▶ _Brief_:
Give the data again exactly, from its opening line through the line in which "Tamiya - McLaren" appears.

━━━━━ Provided records ━━━━━

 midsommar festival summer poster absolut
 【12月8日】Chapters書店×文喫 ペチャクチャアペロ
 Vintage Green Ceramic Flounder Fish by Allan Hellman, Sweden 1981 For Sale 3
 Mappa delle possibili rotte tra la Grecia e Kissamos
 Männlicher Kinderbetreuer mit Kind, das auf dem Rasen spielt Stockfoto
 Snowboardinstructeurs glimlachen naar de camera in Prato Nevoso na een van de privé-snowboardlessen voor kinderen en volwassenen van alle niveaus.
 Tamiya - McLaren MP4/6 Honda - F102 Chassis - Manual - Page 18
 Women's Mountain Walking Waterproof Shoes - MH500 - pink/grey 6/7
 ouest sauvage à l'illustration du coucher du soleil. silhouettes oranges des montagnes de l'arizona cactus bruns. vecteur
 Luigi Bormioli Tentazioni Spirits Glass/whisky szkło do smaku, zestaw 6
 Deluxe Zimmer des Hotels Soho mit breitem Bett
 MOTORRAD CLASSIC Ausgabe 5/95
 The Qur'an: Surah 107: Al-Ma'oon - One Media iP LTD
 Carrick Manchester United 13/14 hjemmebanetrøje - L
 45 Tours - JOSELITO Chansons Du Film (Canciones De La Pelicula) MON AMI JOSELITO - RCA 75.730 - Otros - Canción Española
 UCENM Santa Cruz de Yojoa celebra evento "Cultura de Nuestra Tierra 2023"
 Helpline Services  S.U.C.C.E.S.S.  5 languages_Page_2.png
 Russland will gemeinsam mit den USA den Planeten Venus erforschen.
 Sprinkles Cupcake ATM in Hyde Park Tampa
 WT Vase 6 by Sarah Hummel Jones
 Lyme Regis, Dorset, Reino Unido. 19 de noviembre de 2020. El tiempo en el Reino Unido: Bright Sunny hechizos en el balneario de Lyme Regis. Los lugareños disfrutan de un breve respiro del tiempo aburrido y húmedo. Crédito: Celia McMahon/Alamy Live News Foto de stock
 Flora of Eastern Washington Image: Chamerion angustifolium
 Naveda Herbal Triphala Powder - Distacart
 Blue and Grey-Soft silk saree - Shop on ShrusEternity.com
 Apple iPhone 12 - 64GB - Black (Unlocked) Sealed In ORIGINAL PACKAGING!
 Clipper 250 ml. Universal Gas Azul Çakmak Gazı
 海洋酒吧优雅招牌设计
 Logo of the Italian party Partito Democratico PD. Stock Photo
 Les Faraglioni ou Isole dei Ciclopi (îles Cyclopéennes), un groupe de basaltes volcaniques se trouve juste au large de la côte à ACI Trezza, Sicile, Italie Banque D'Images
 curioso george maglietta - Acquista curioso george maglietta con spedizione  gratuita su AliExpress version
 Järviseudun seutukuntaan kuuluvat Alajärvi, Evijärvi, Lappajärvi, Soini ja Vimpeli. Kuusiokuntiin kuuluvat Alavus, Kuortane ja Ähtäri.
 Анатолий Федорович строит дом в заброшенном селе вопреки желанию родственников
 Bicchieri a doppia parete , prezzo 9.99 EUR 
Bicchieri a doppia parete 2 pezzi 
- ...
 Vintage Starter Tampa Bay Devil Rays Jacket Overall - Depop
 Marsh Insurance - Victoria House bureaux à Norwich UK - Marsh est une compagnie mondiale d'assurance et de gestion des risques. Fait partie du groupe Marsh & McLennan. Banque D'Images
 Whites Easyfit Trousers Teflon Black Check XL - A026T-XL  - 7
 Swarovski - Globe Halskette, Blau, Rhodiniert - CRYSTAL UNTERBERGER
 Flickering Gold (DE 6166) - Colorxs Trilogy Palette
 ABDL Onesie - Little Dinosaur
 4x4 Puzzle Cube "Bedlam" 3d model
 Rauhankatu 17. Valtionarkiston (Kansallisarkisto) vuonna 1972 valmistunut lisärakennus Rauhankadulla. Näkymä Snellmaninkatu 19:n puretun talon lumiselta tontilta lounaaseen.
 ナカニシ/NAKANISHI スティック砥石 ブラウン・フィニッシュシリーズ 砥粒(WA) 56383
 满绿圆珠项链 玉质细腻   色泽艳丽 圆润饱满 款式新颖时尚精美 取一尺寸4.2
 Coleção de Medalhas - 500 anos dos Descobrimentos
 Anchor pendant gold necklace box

━━━━━

▶ _Response to the task_:
 midsommar festival summer poster absolut
 【12月8日】Chapters書店×文喫 ペチャクチャアペロ
 Vintage Green Ceramic Flounder Fish by Allan Hellman, Sweden 1981 For Sale 3
 Mappa delle possibili rotte tra la Grecia e Kissamos
 Männlicher Kinderbetreuer mit Kind, das auf dem Rasen spielt Stockfoto
 Snowboardinstructeurs glimlachen naar de camera in Prato Nevoso na een van de privé-snowboardlessen voor kinderen en volwassenen van alle niveaus.
 Tamiya - McLaren MP4/6 Honda - F102 Chassis - Manual - Page 18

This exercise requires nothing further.